__Data shown__.

────────────────────

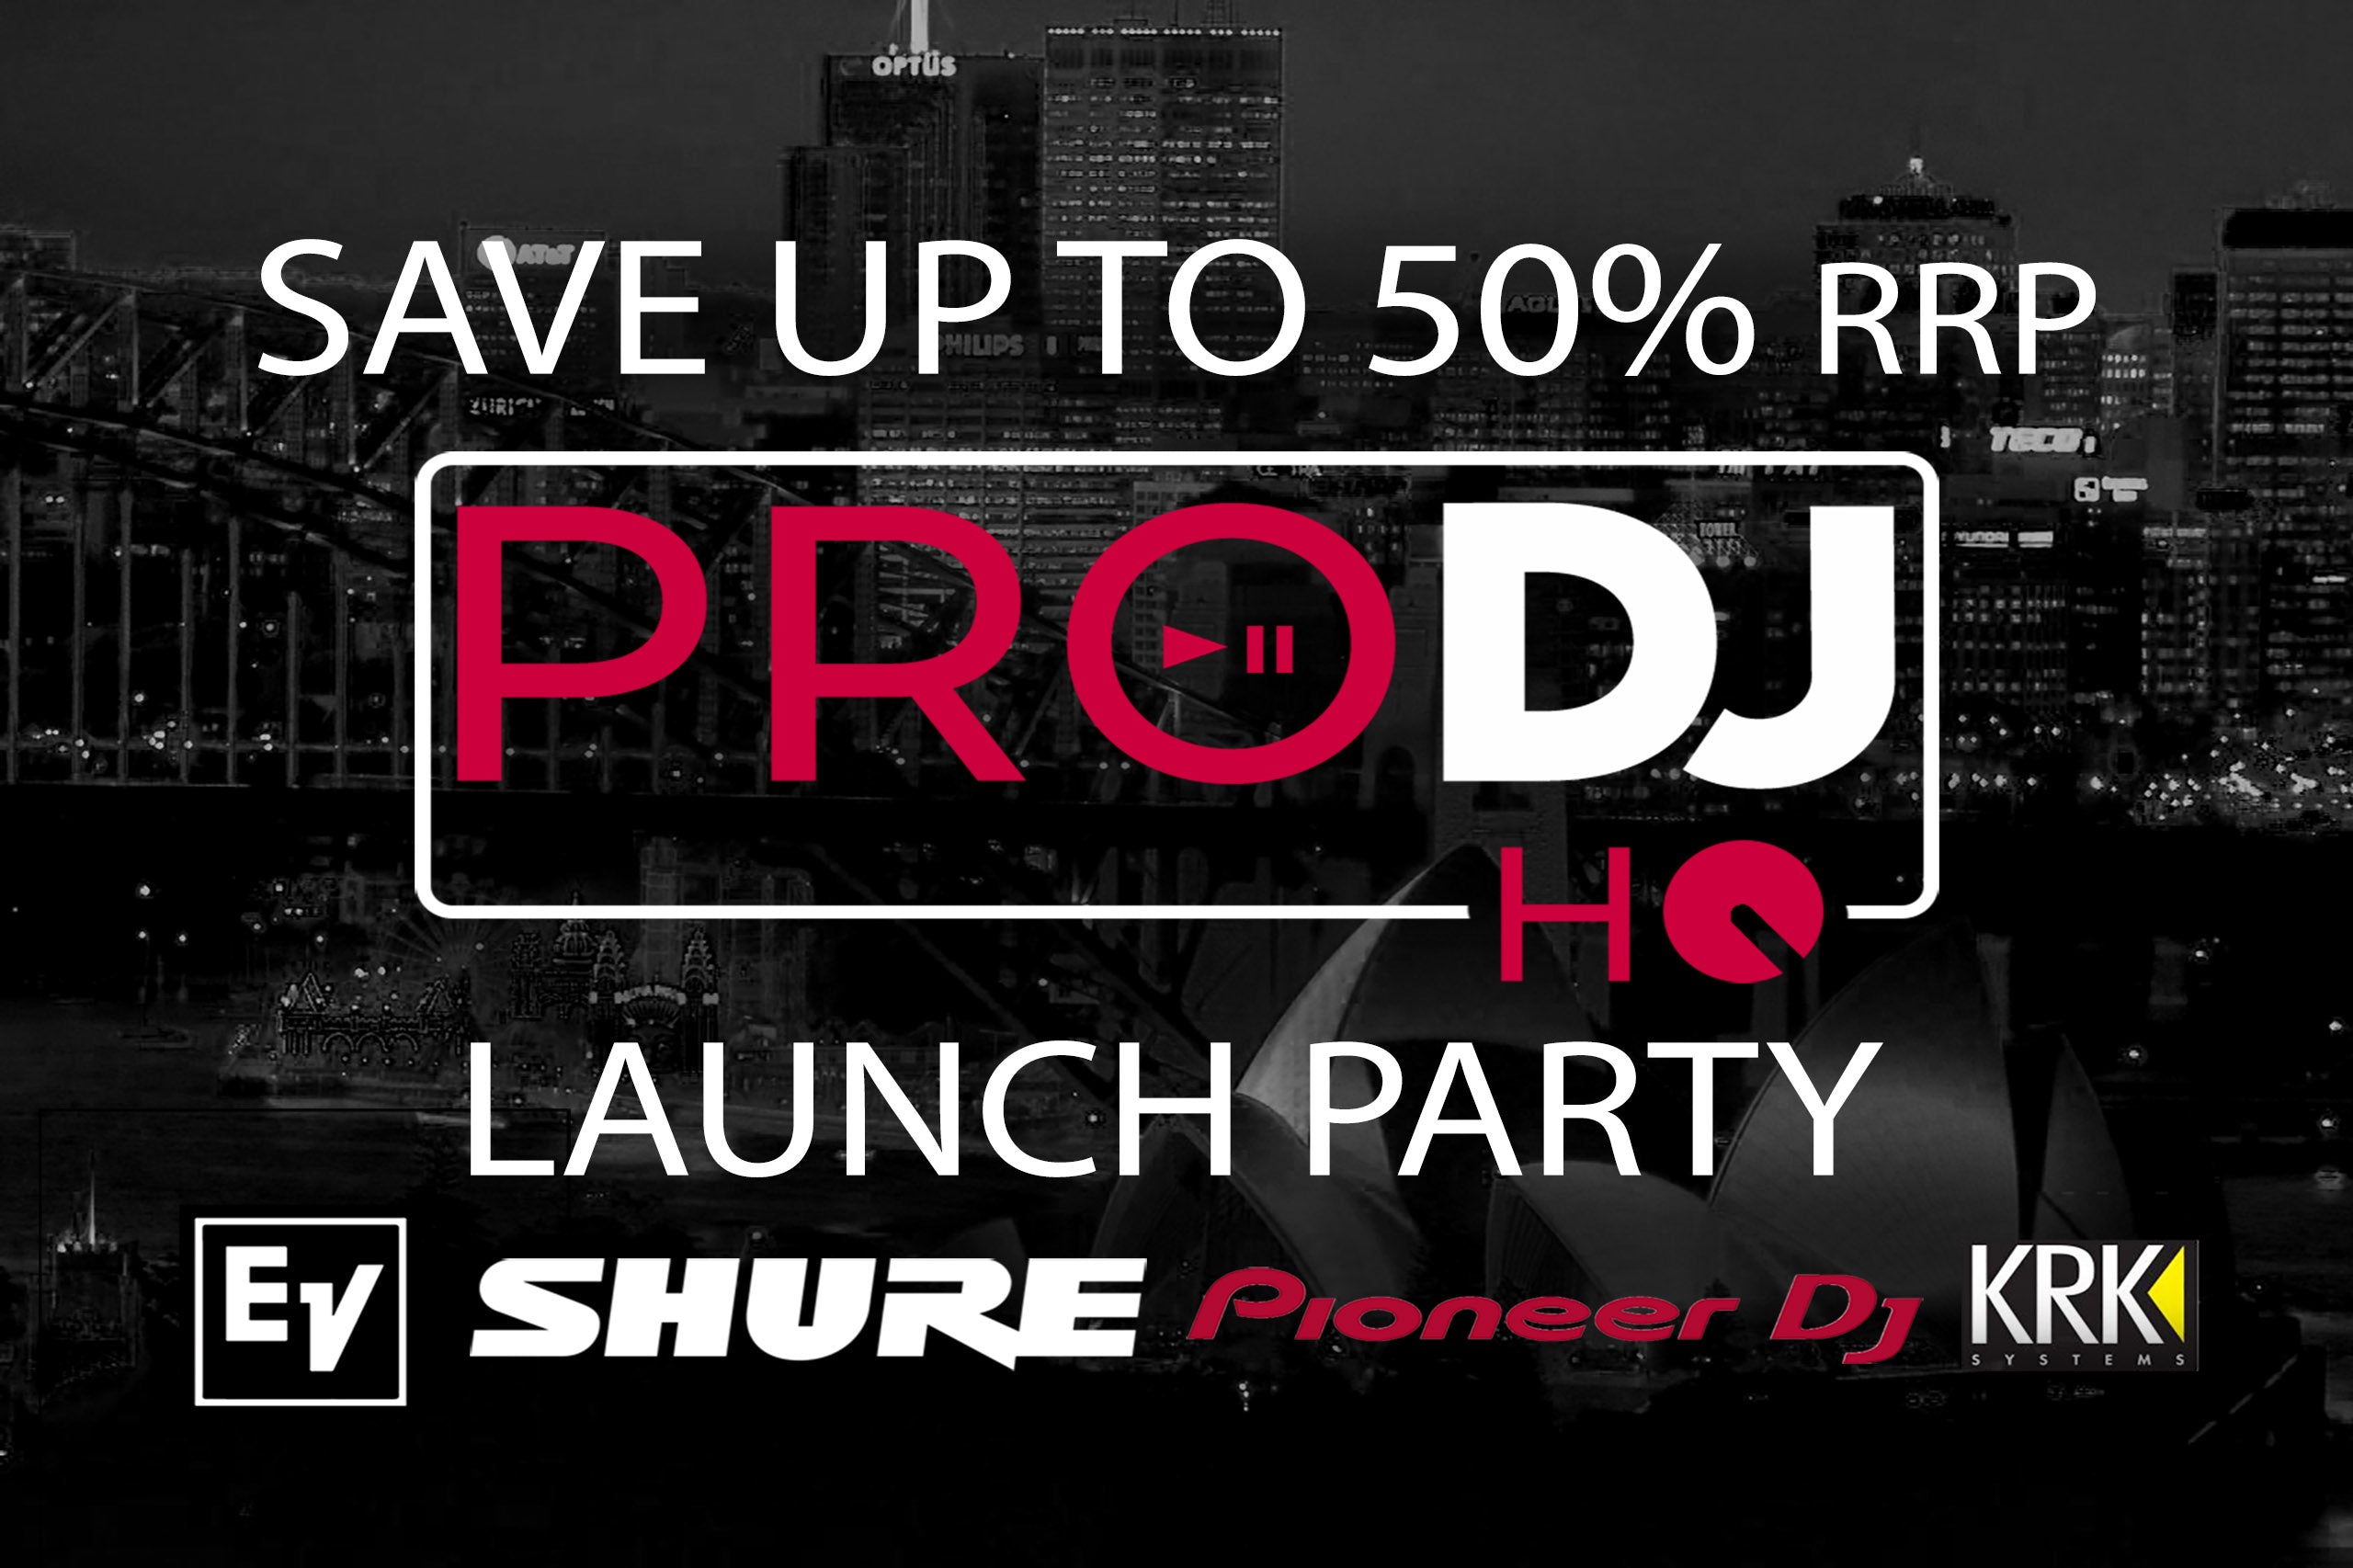 Pro DJ HQ Soft Launch Party - June 23'
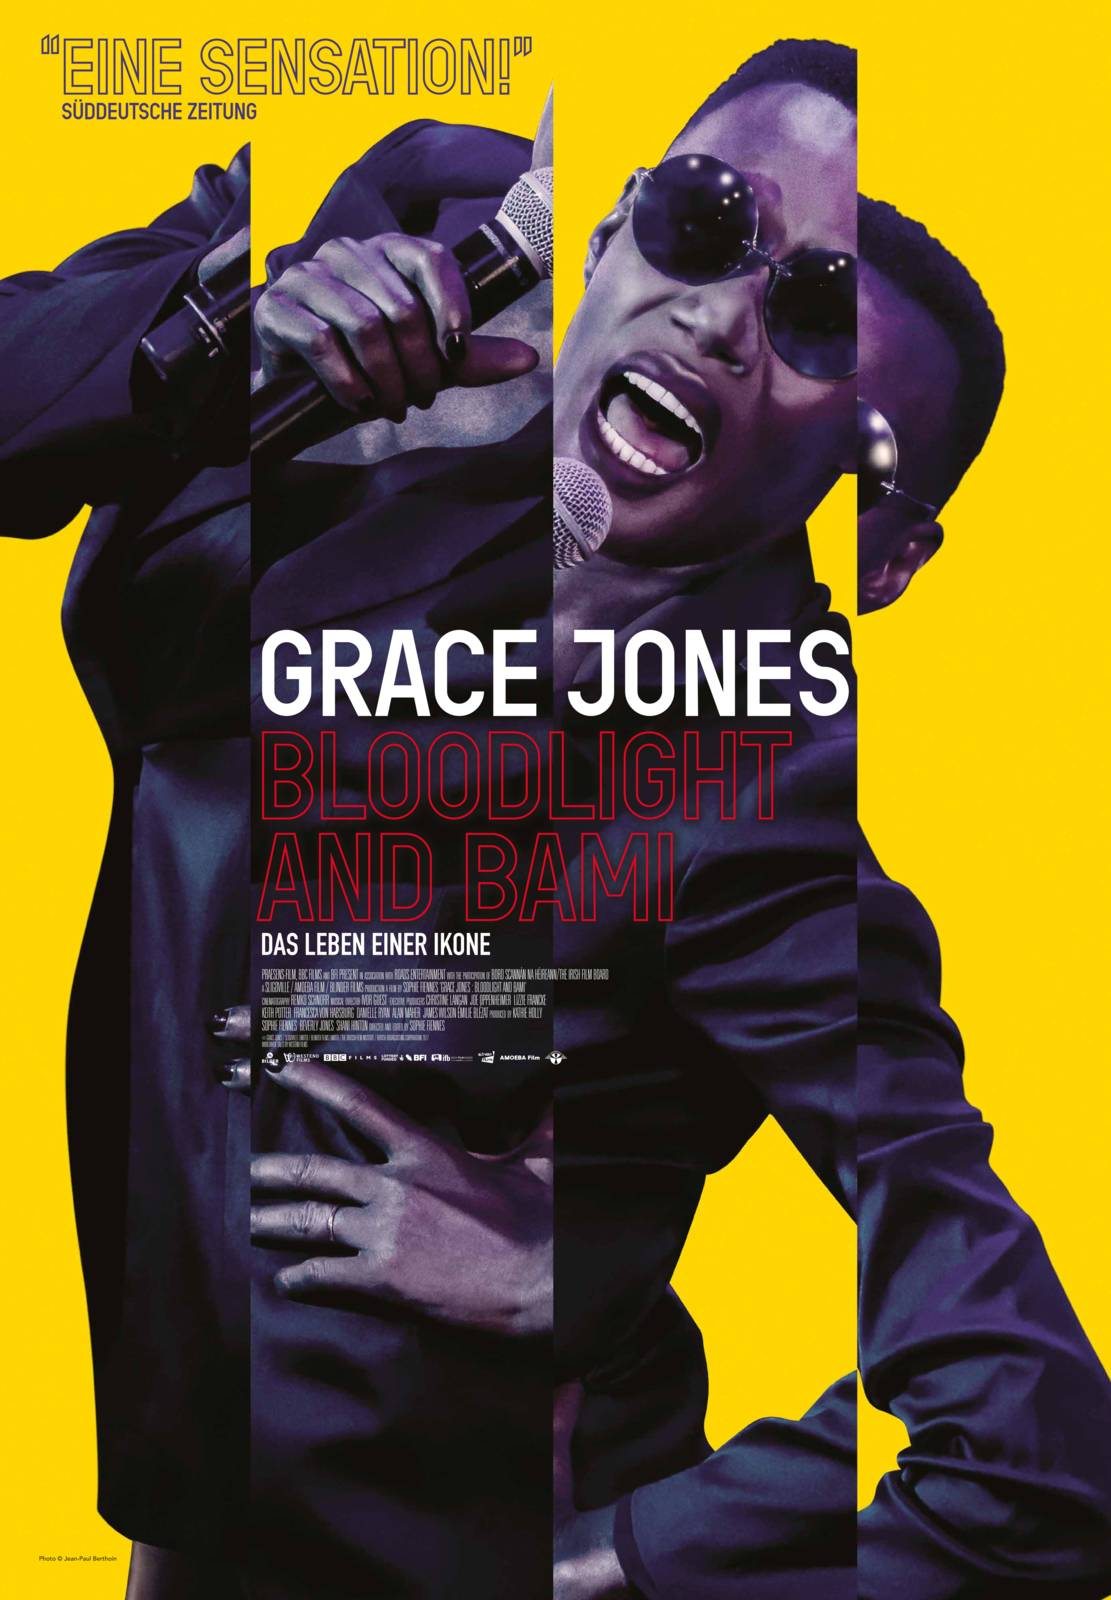 Un documentaire nous plonge dans le quotidien sensationnel de Grace Jones
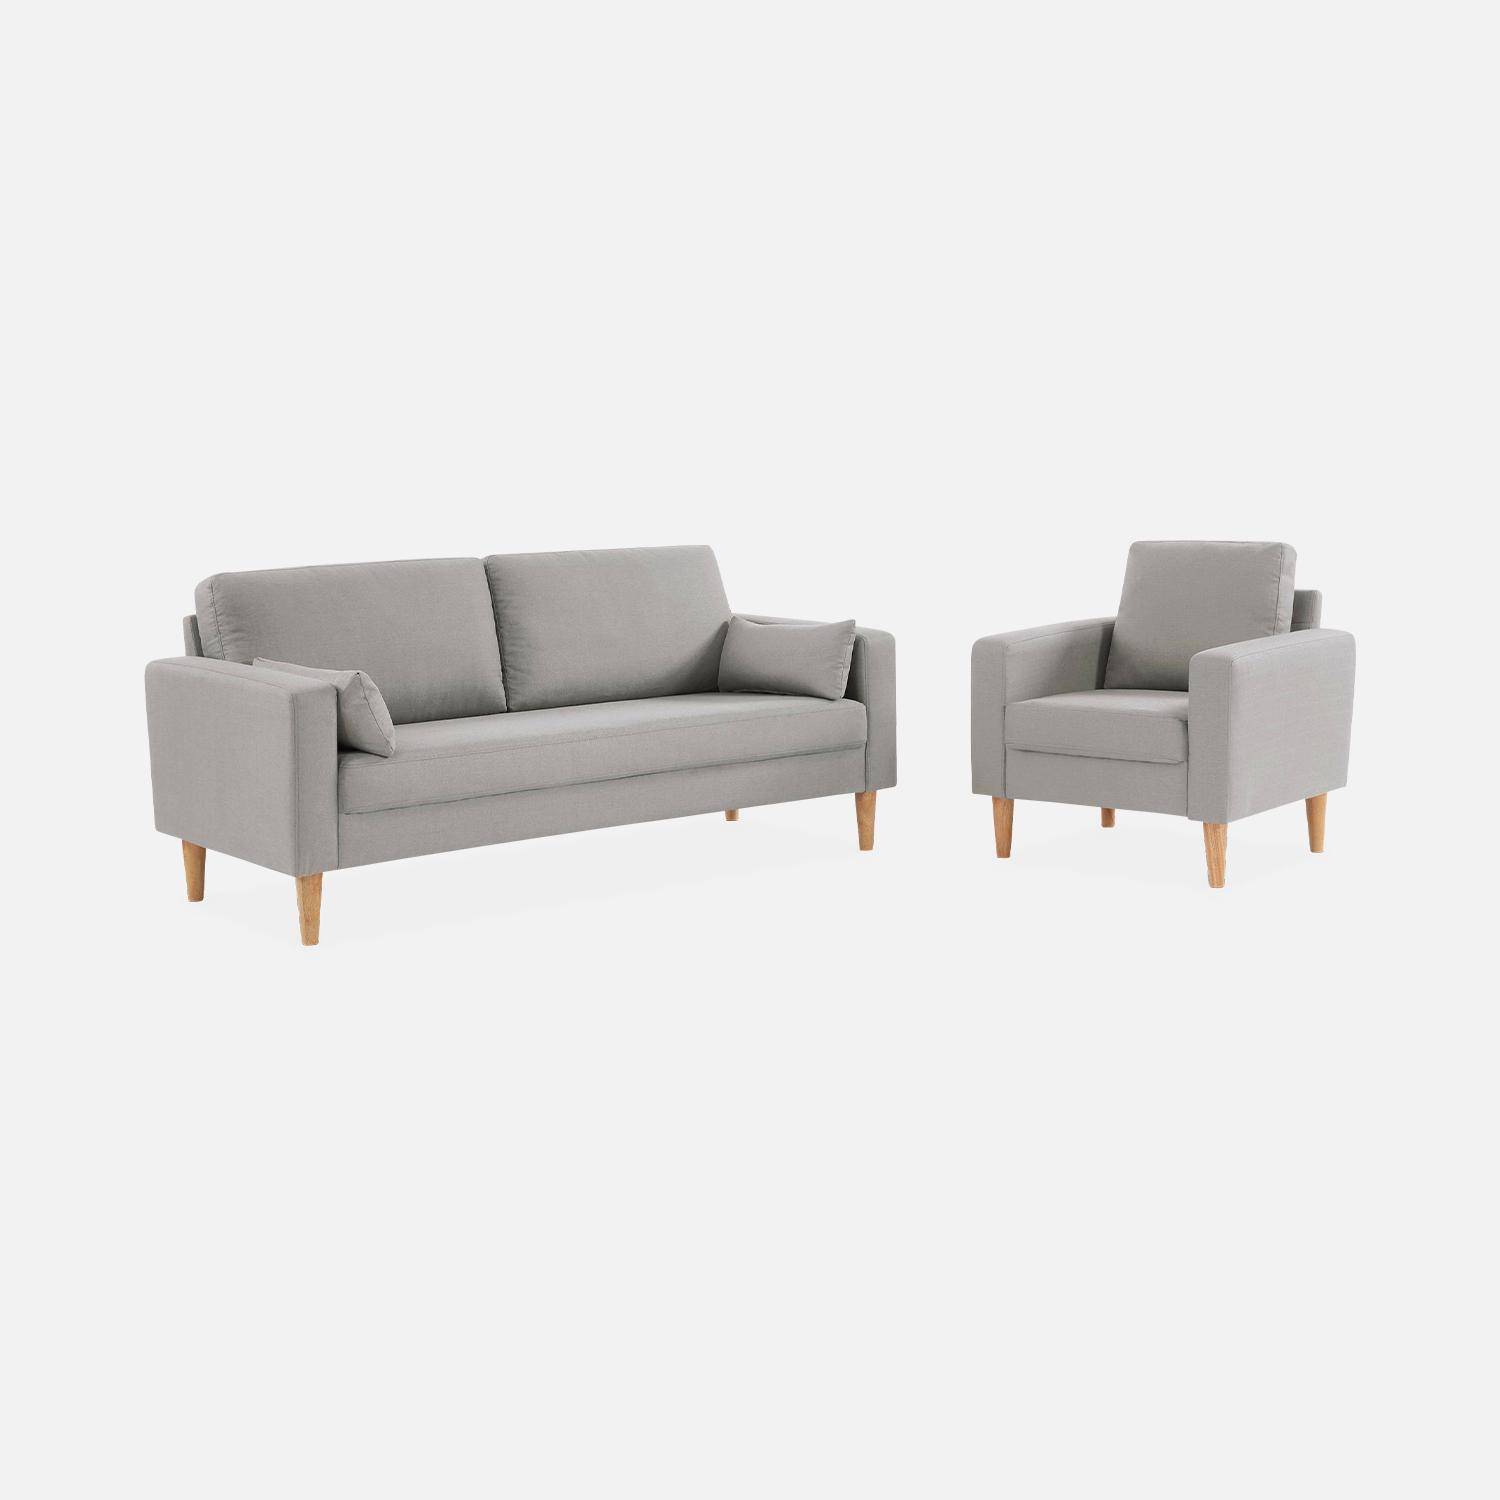 Lichtgrijs stoffen zetel - Bjorn - 1-zits sofa met houten poten, Scandinavische stijl Photo5

────────────────────

__Task prompt__. When you copy the data above, keep each line exact and omit the pictures.

__Response box__.
 Pro DJ HQ Soft Launch Party - June 23'
 Un documentaire nous plonge dans le quotidien sensationnel de Grace Jones
 Lichtgrijs stoffen zetel - Bjorn - 1-zits sofa met houten poten, Scandinavische stijl Photo5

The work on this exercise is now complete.